There is no early-screening test for ovarian cancer. When a woman with the disease starts to actually experience non-specific abdominal symptoms such as bloating, the disease has often already advanced to stage III or stage IV cancer. Further, there is no effective long-term treatment for ovarian cancer. Even after a woman is successfully treated with traditional surgery and chemotherapy, the disease has a very high recurrence rate within just two years. Tragically, most women die within five years of their diagnosis.

But Srivastava believes that appropriate immunotherapy may stop an ovarian cancer diagnosis from becoming a death sentence.

“There is a huge need for a therapy to actually prevent recurrence in these women and I believe our approach to a vaccine may be just the tool to do it,” says Srivastava.

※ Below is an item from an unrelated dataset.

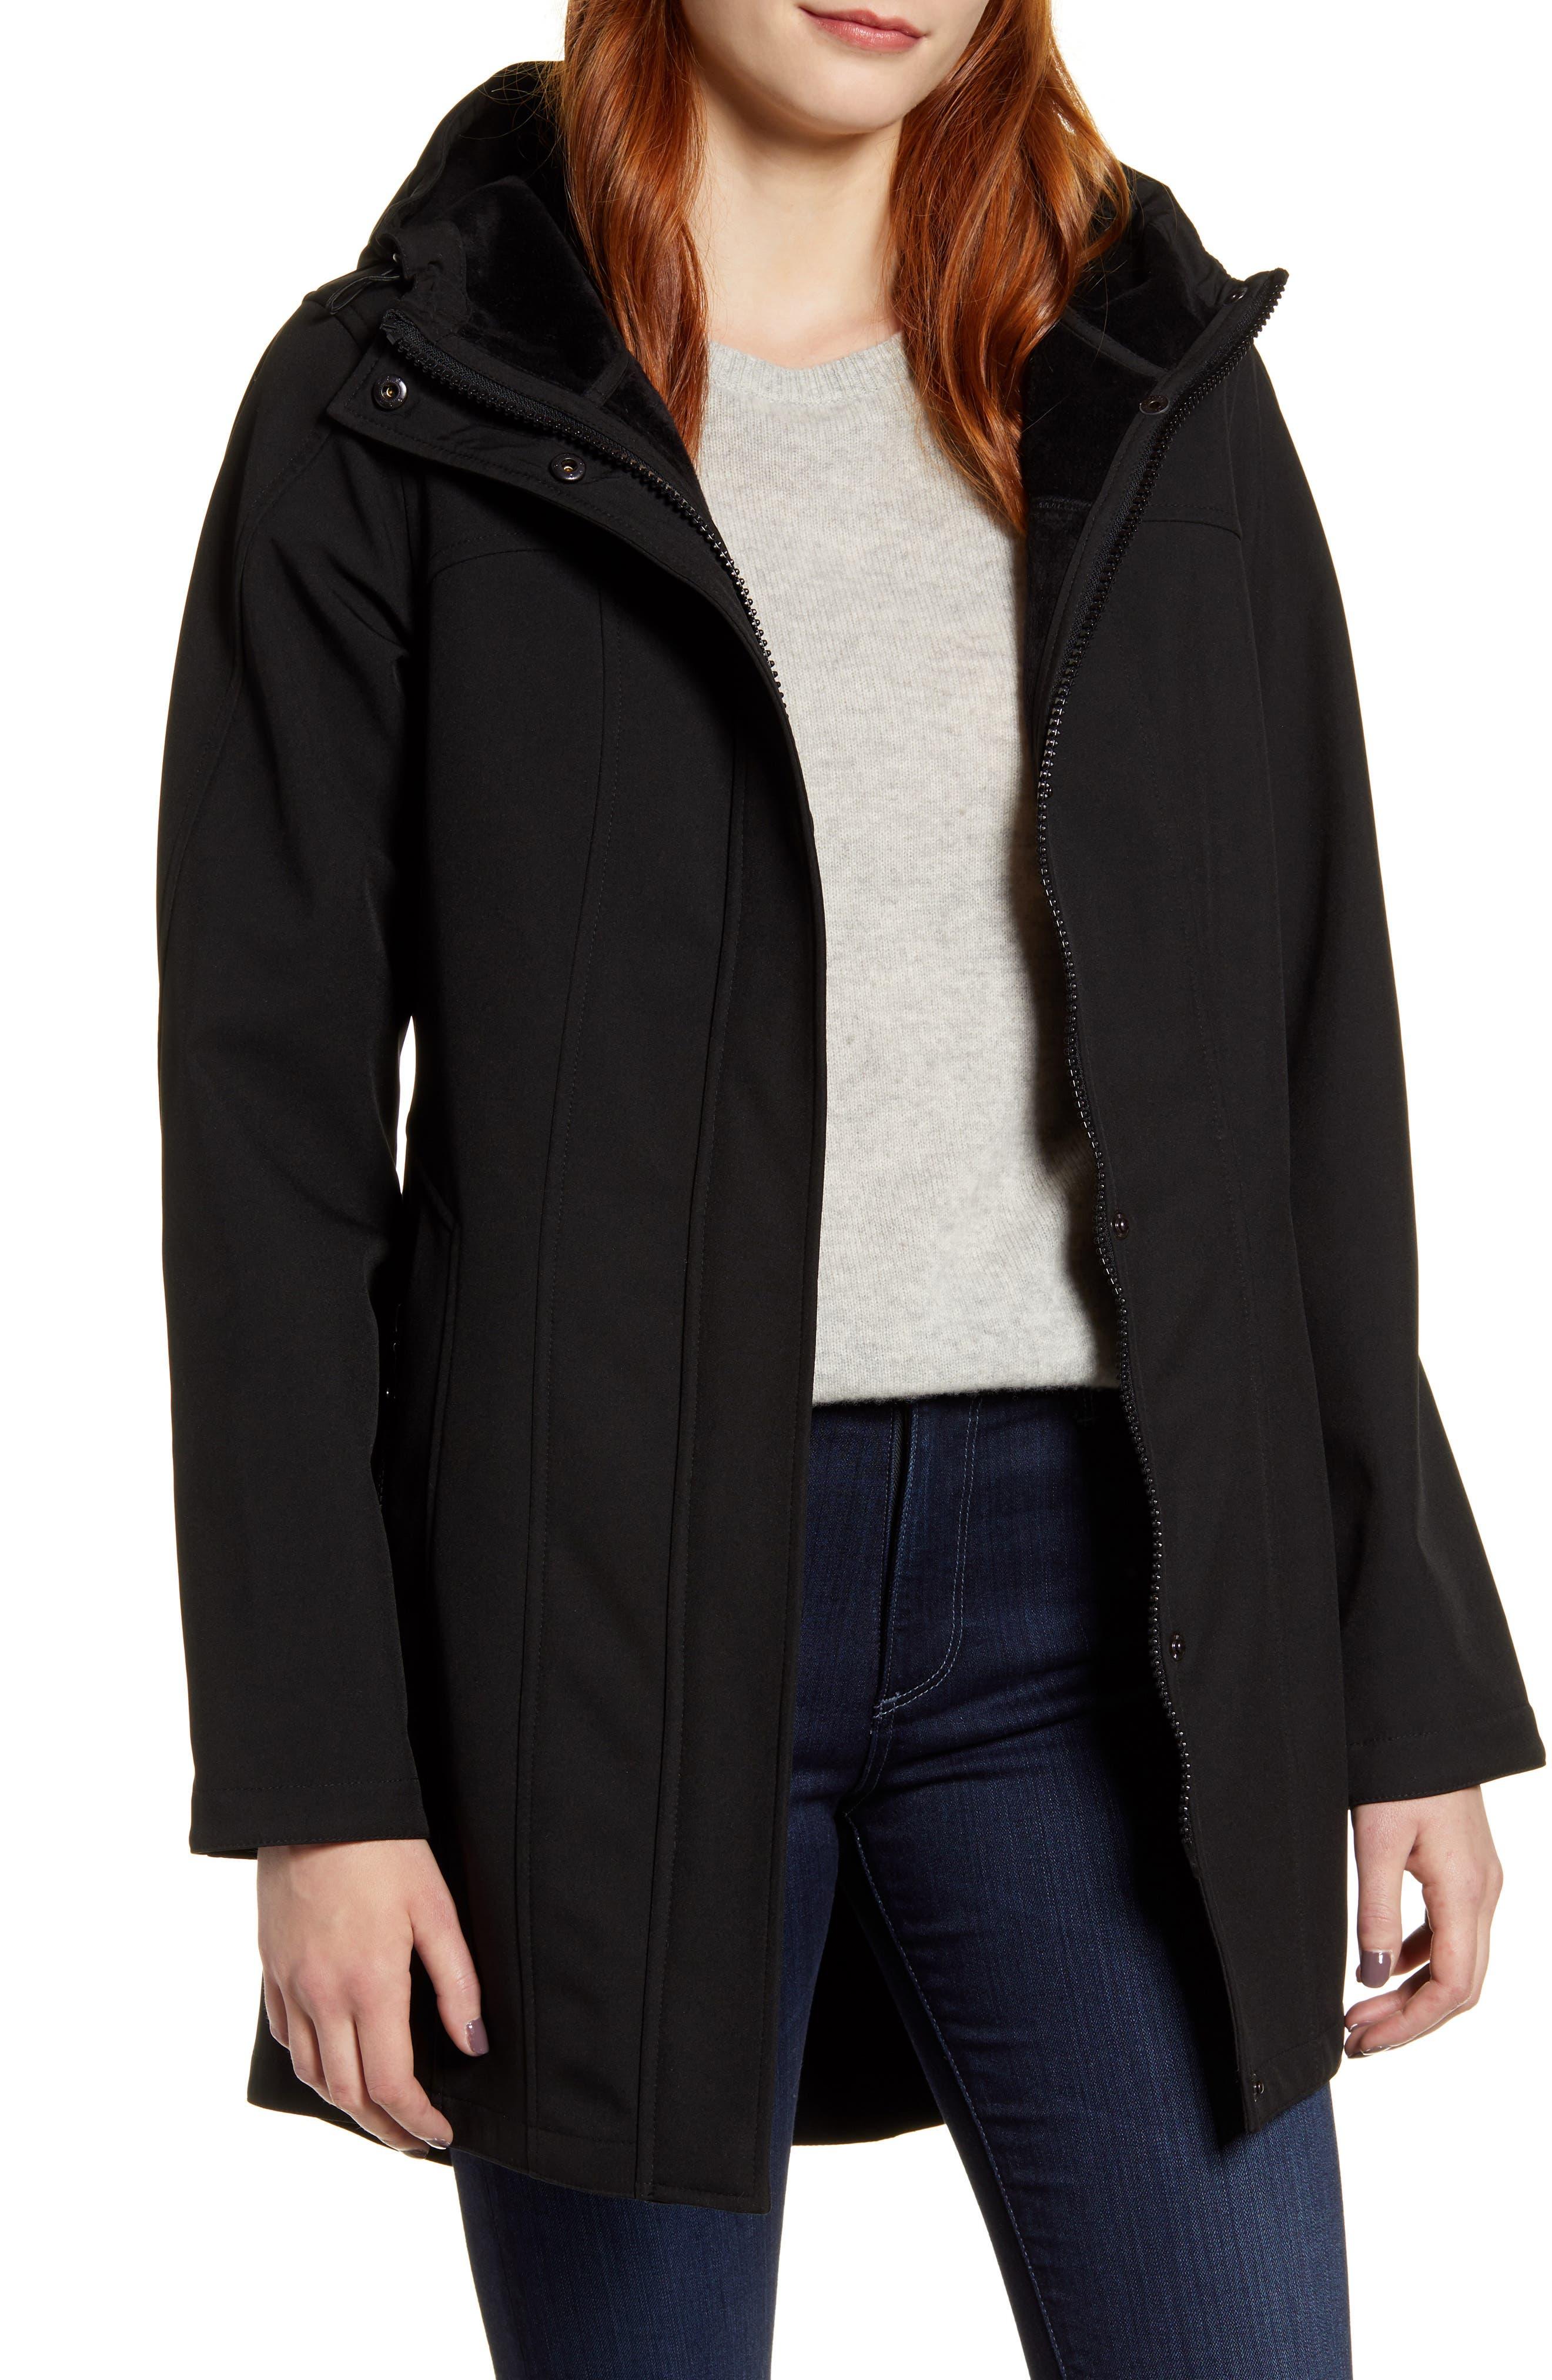 Kristen Blake Packable Softshell Hooded Jacket

In October 2014, Srivastava published a study showing that his promising approach to cancer vaccines is effective in reducing tumor growth and in preventing cancer progression in mouse models. Based primarily on that work, the FDA approved testing of the experimental therapy in a human clinical trial.

The individualized vaccine is created using samples of a patient’s own DNA from both her unhealthy cancer cells and her healthy blood cells. Over a period of about two weeks, scientists sequence and cross-reference the entire DNA from both sources to pinpoint the most important genetic differences. These genetic differences constitute the ID card, or fingerprint, of that particular patient’s cancer, which is unlike the ID card or fingerprint of any other person’s cancer. Based on the cancer’s fingerprint, bioinformatic scientists, led by Ion Mandoiu of UConn’s School of Engineering, design the personalized vaccine that is meant to target the cancerous cells’ specific genetic mutations.

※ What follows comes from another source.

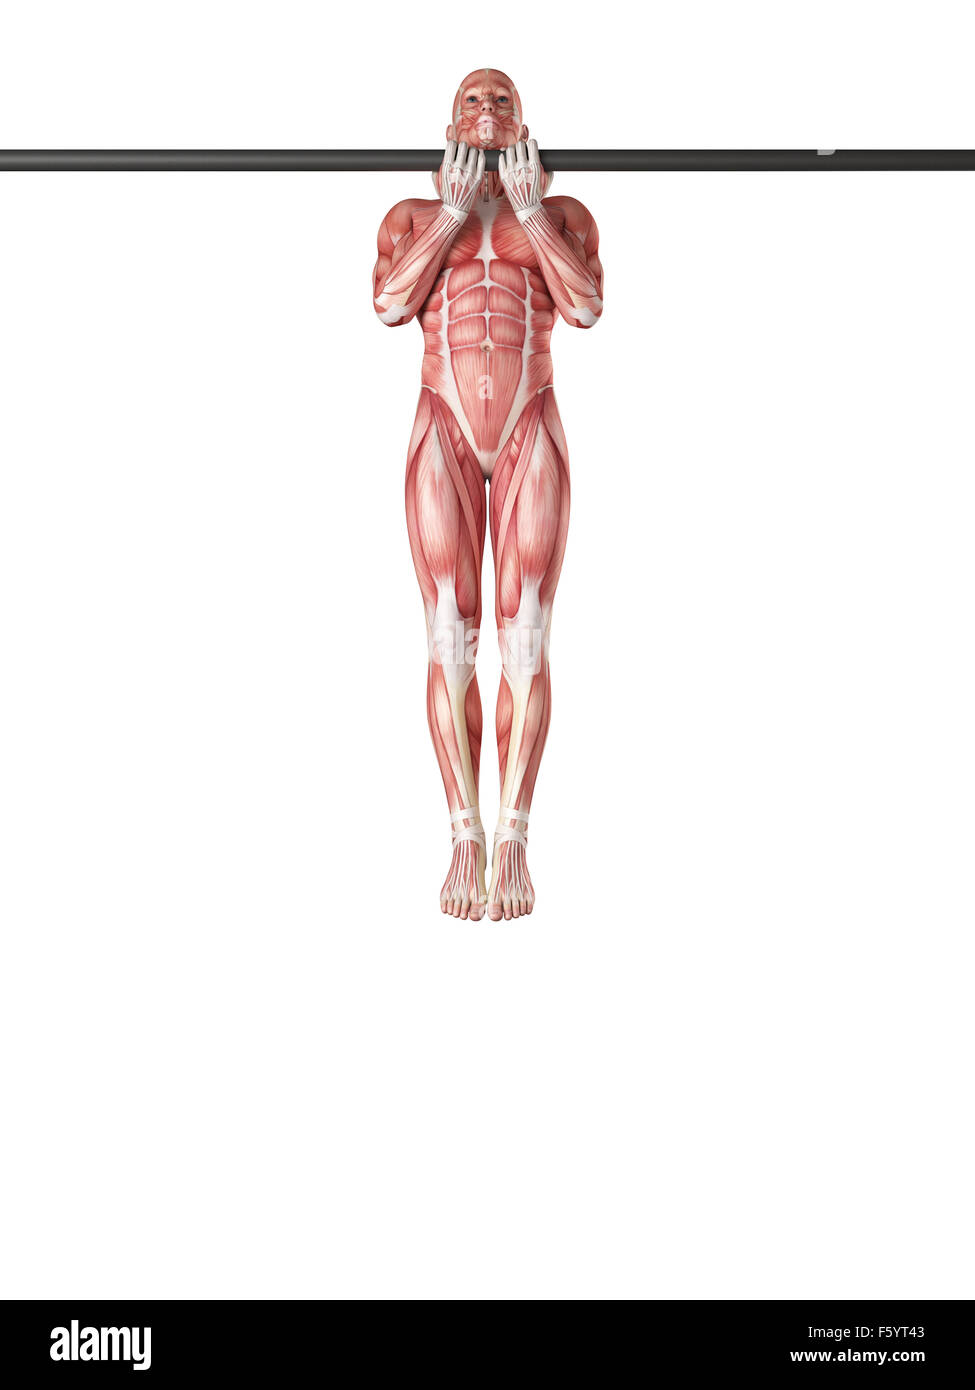 exercise illustration - close grip chin up Stock Photo: 89736755 - Alamy

UConn Health’s new clinical trial will initially enroll 15 women with stage III/IV ovarian cancer and track them closely for two years, the window of time when recurrence most often occurs. Candidates for the clinical trial are women recently diagnosed with advanced ovarian cancer who will have traditional surgery and receive chemotherapy. If cancer-free three months after traditional treatment, the women will receive their personalized vaccine injections once a month for six months. Also, each month their blood will be drawn and evaluated for immune response.

“Our clinical trial will be testing the vaccine for safety and feasibility, but also will be testing whether the vaccine is making a real difference in patients’ blood; the timing of recurrence of cancers in these patients will also be monitored,” says Srivastava. “If, after receiving the vaccine, their cancer hasn’t recurred for a long time in a substantial proportion of women, we will know that the vaccine is promising.”

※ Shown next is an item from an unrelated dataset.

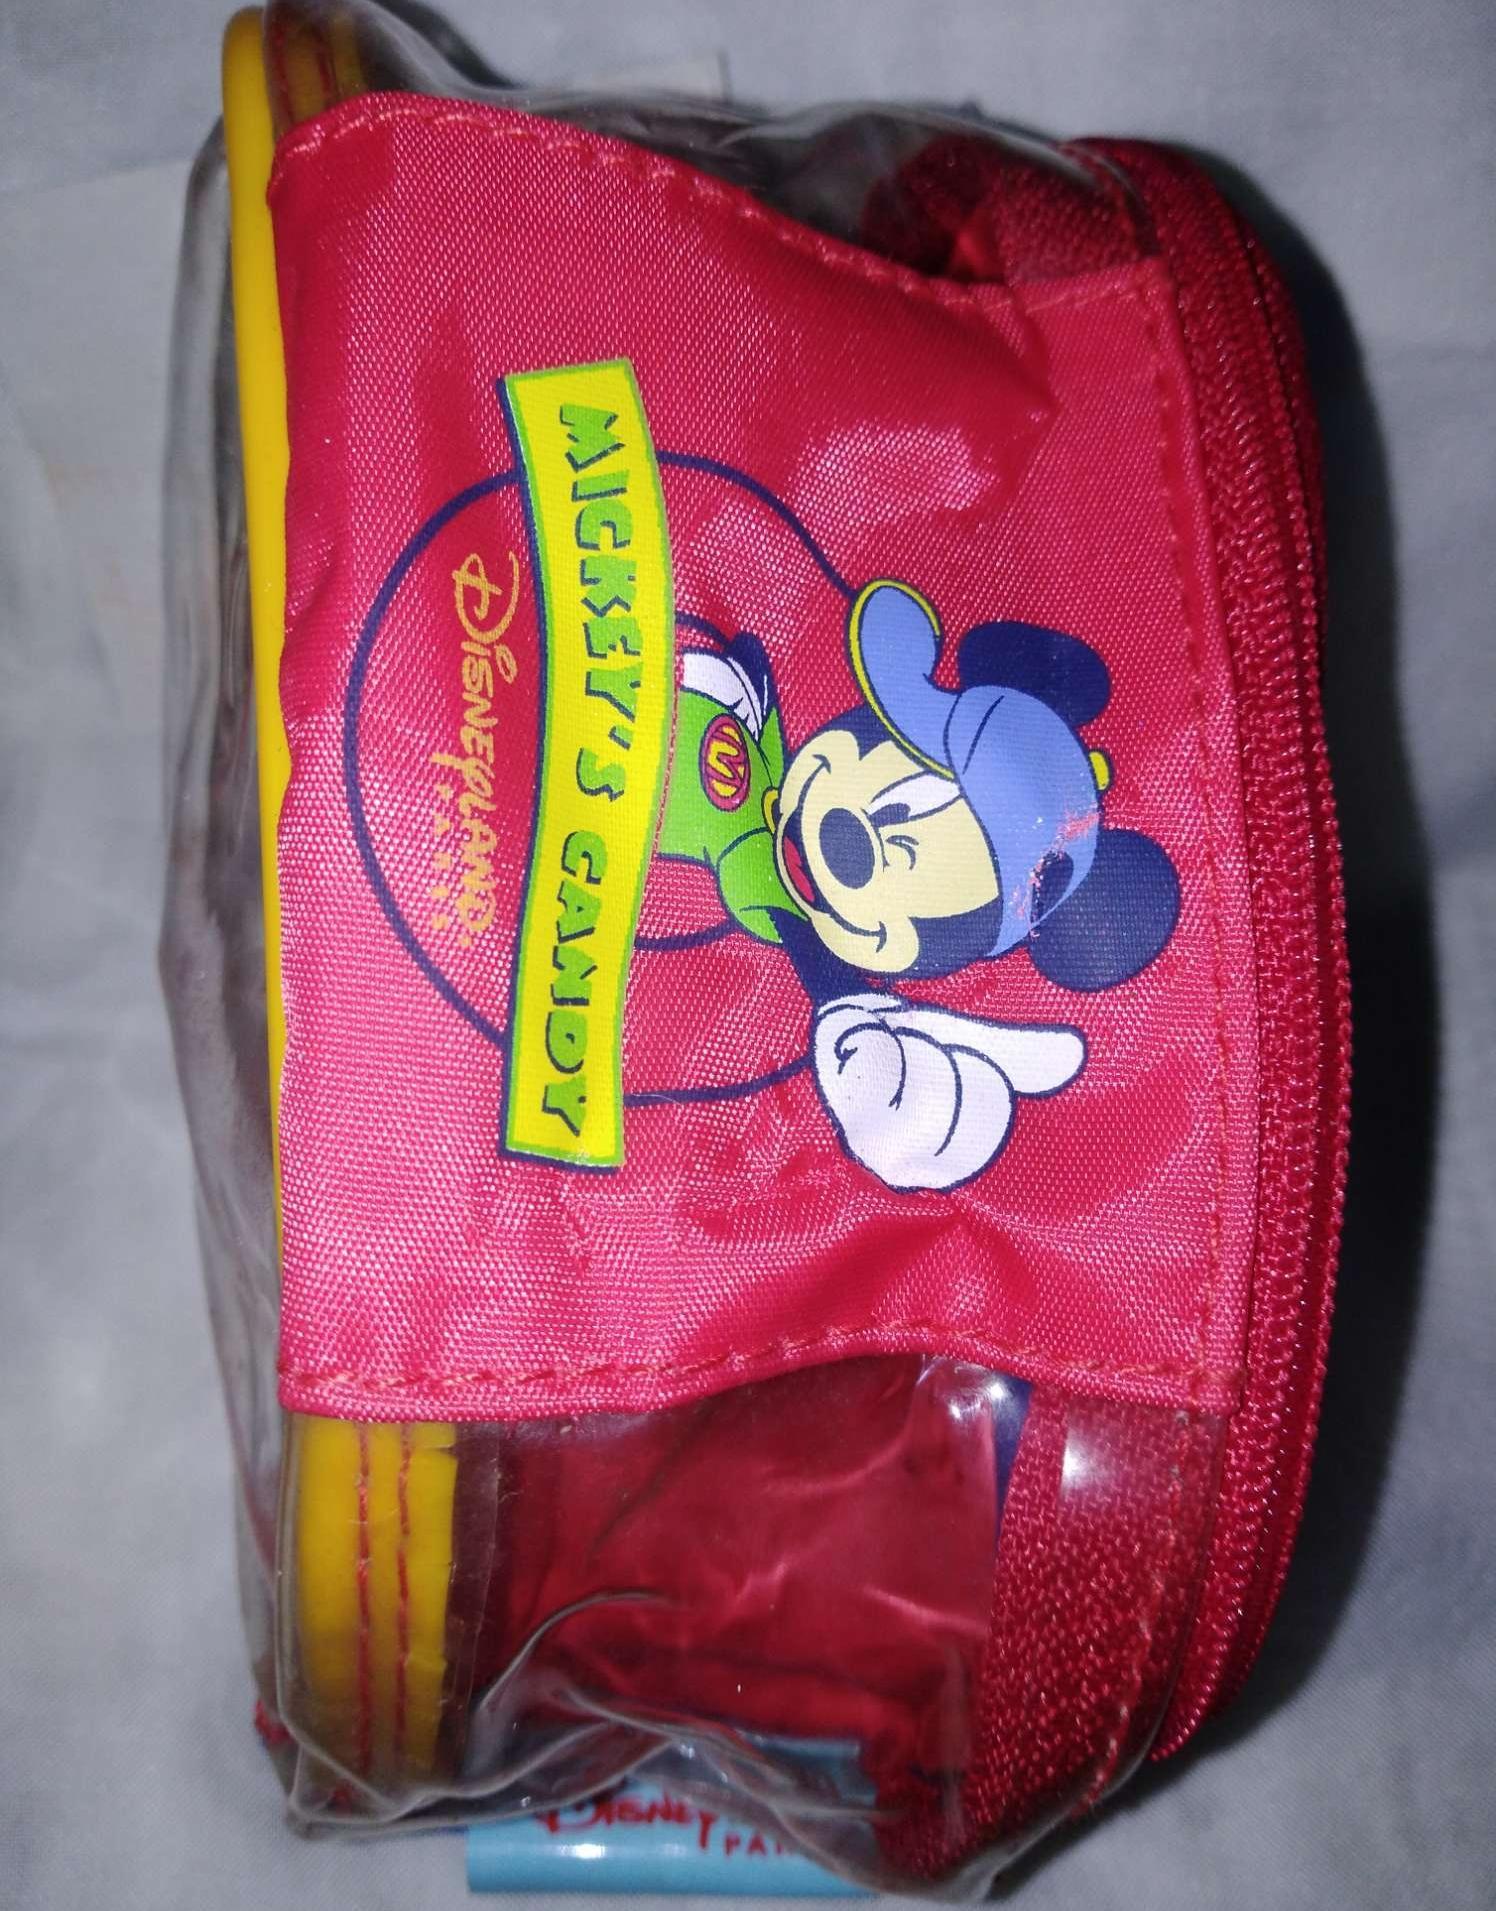 Mickey Kids Belt Bag By Cj7 Shop.

lab image of Ovarian Cancer cells

This UConn lab image shows how the new ovarian cancer vaccine works. Tiny immune cells known as lymphocytes (small purple dots) target and attack the cancerous ovarian cancer growths (outlined in blue) and prevent them from spreading to benign tissue (pink). Lab image courtesy of Dr. Pramod K. Srivastava


In October 2014, Srivastava published a study showing that his approach to cancer vaccines is effective in reducing tumor growth and in preventing cancer progression in mouse models. Based primarily on that work, the FDA approved testing of the experimental therapy in a human clinical trial.

Dr. Angela Kueck, assistant professor of gynecological oncology, and Dr. Jeffrey Wasser, assistant professor of medicine at the Carole and Ray Neag Comprehensive Cancer Center, are the principal and co-investigators of this study.

“We have received over a hundred messages from women in Connecticut and from around the world, in the hope of participating in our study,” says Srivastava.

He adds, “The most meaningful part of my life, at this time, is to serve. I hope that our results a few years from now will show that our unique ovarian cancer vaccine can prevent recurrence of the disease and even extend survival.”

If the clinical trials are successful against ovarian cancer, Srivastava plans to expand testing of his vaccine to bladder cancer and other solid-tumor cancers.

“This first-ever genomics-driven personalized vaccine has the potential to dramatically change how we treat cancer,” says Srivastava.